**Task requirements**
As an exercise in exact copying, transcribe the lines below from the one holding "Мужская белая рубашка с узором CL JERSEY 1" through the last, with both ends included and pictures left out.

**Supplied material**
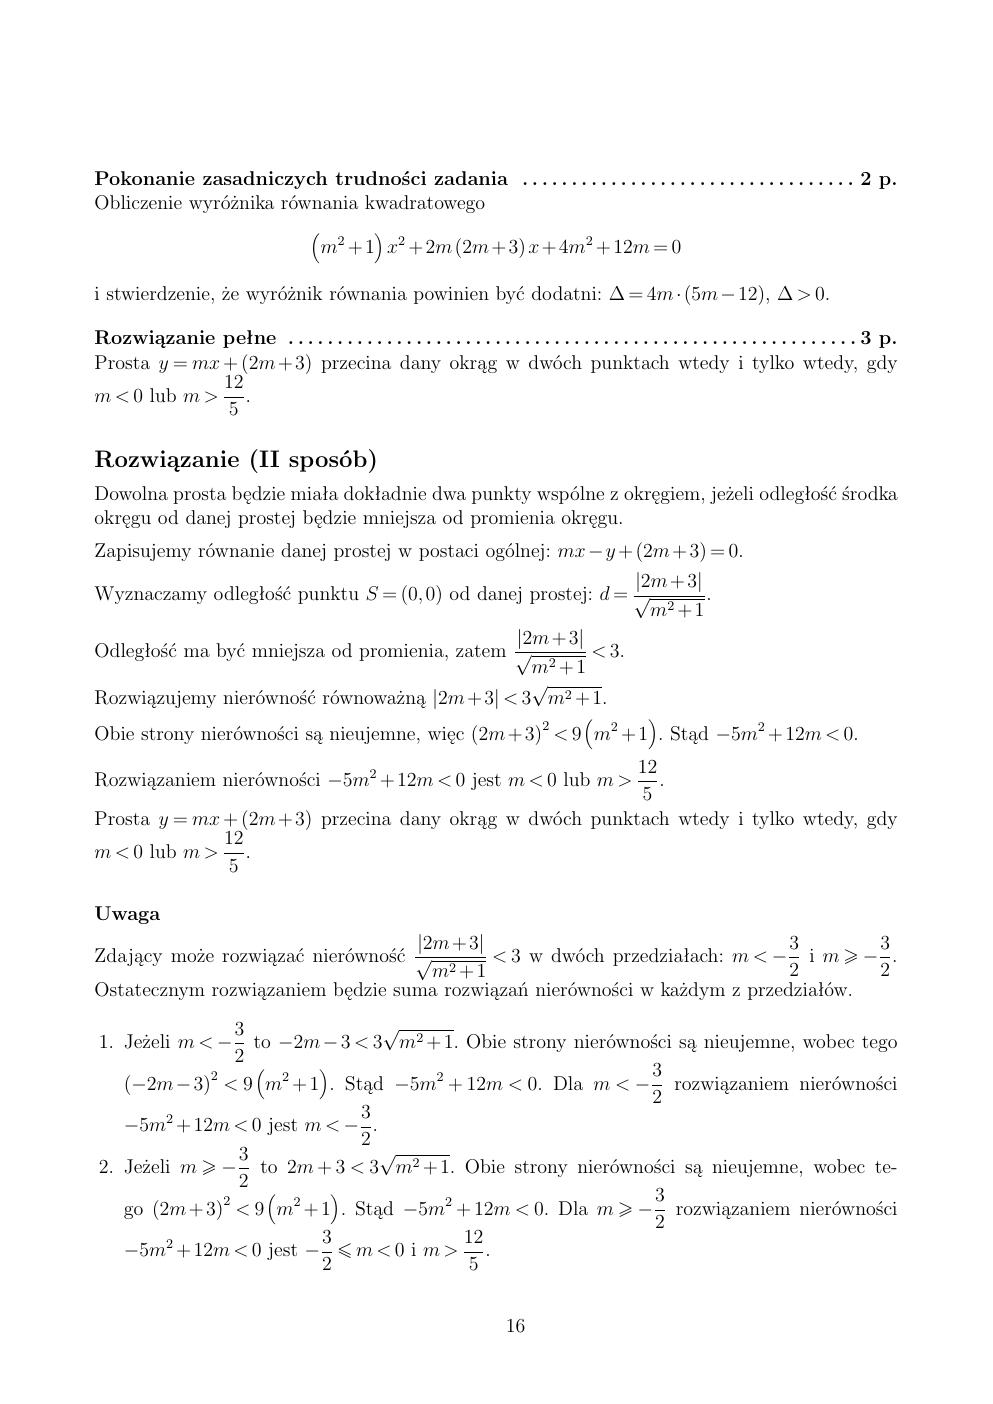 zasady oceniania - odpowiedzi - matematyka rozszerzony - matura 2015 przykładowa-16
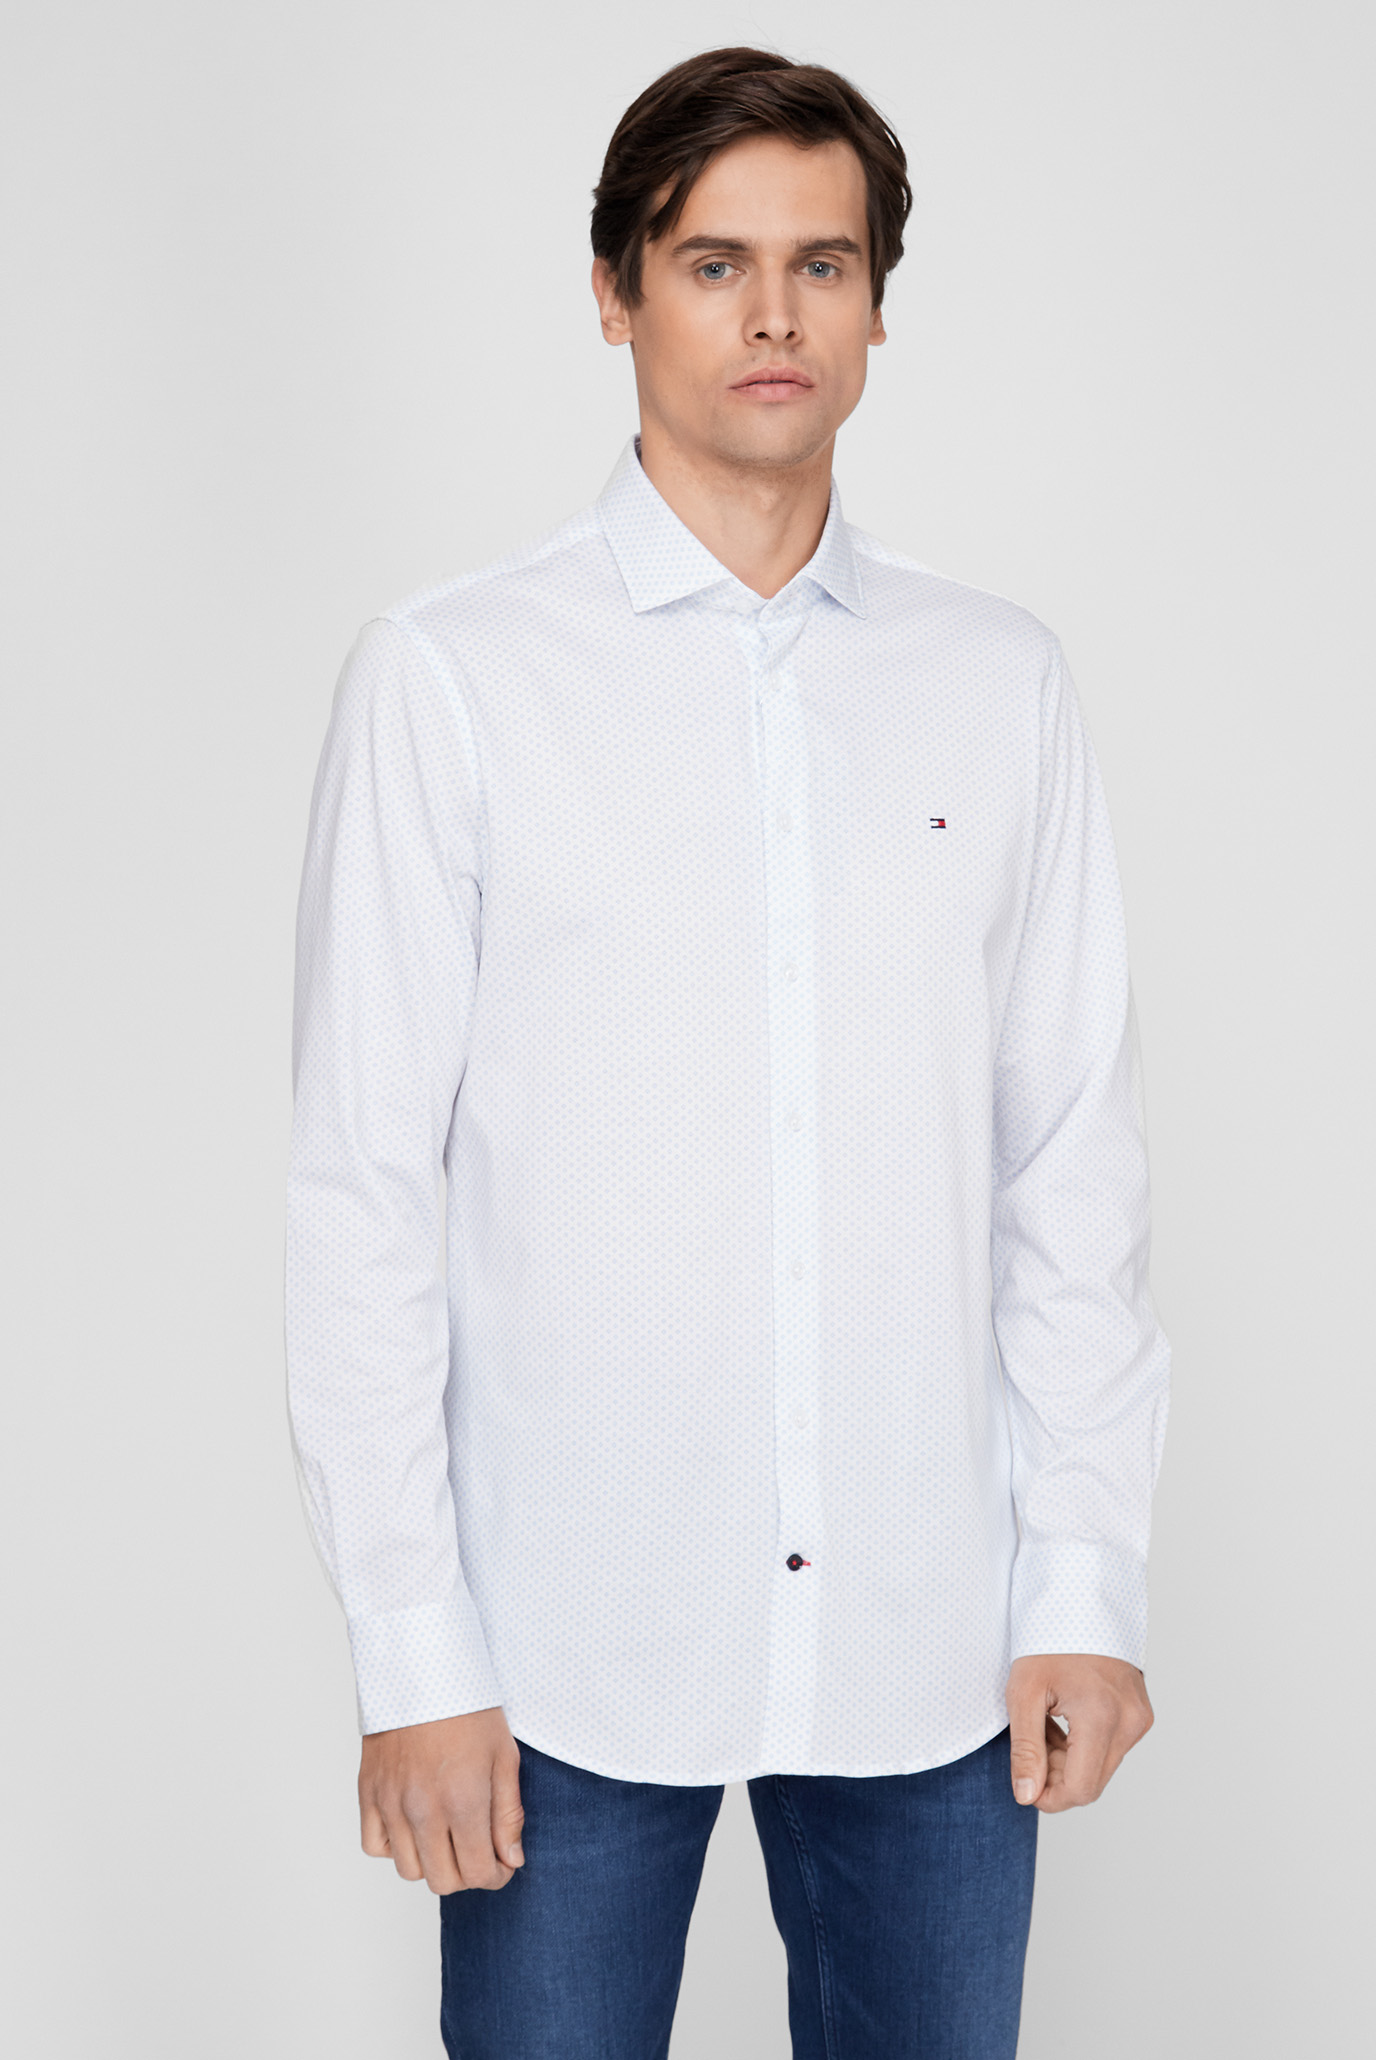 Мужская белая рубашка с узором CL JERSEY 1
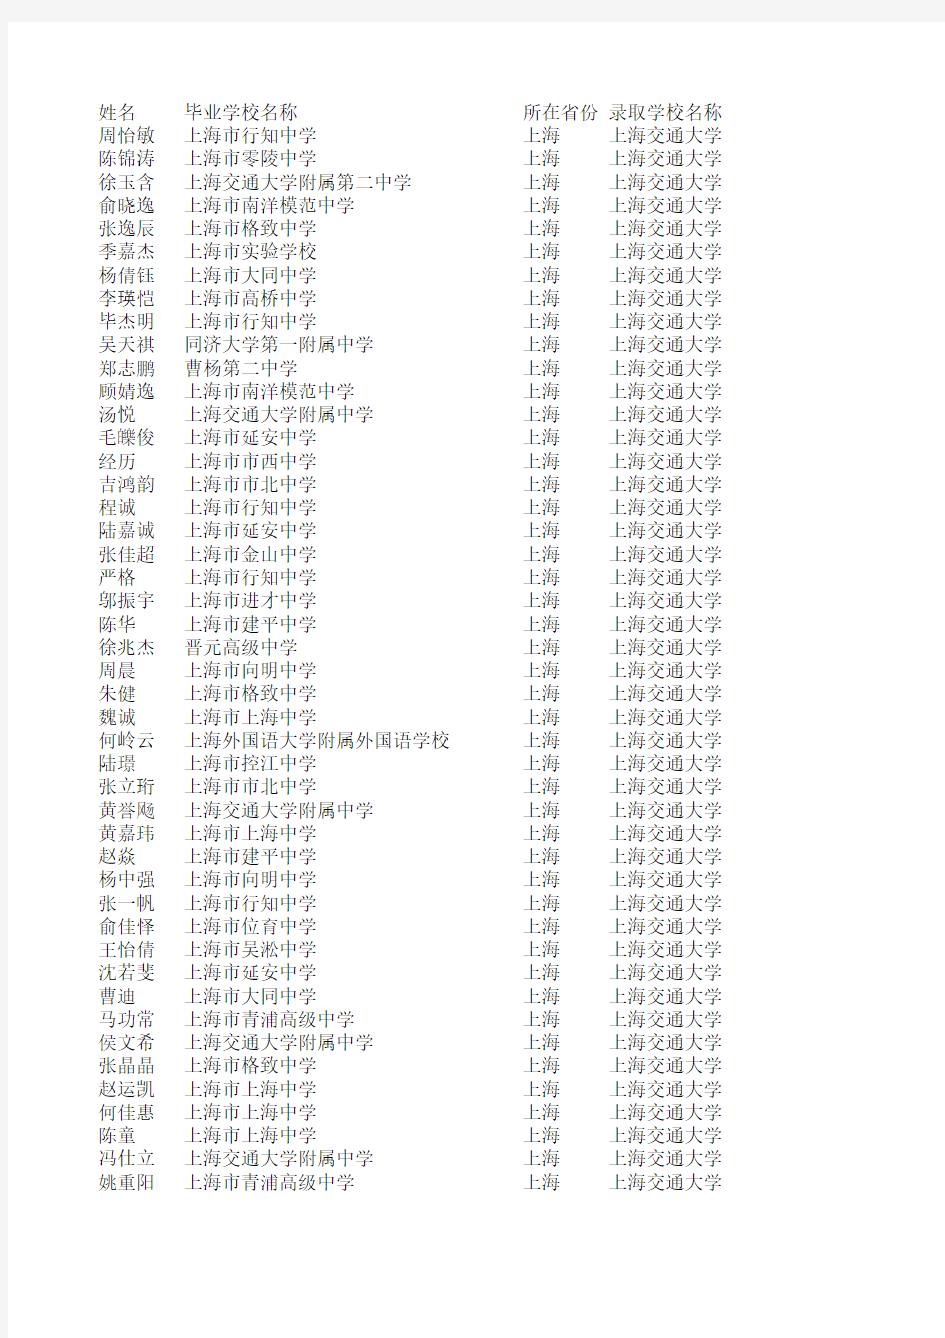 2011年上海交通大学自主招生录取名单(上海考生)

**Exercise output**
 Мужская белая рубашка с узором CL JERSEY 1
 2011年上海交通大学自主招生录取名单(上海考生)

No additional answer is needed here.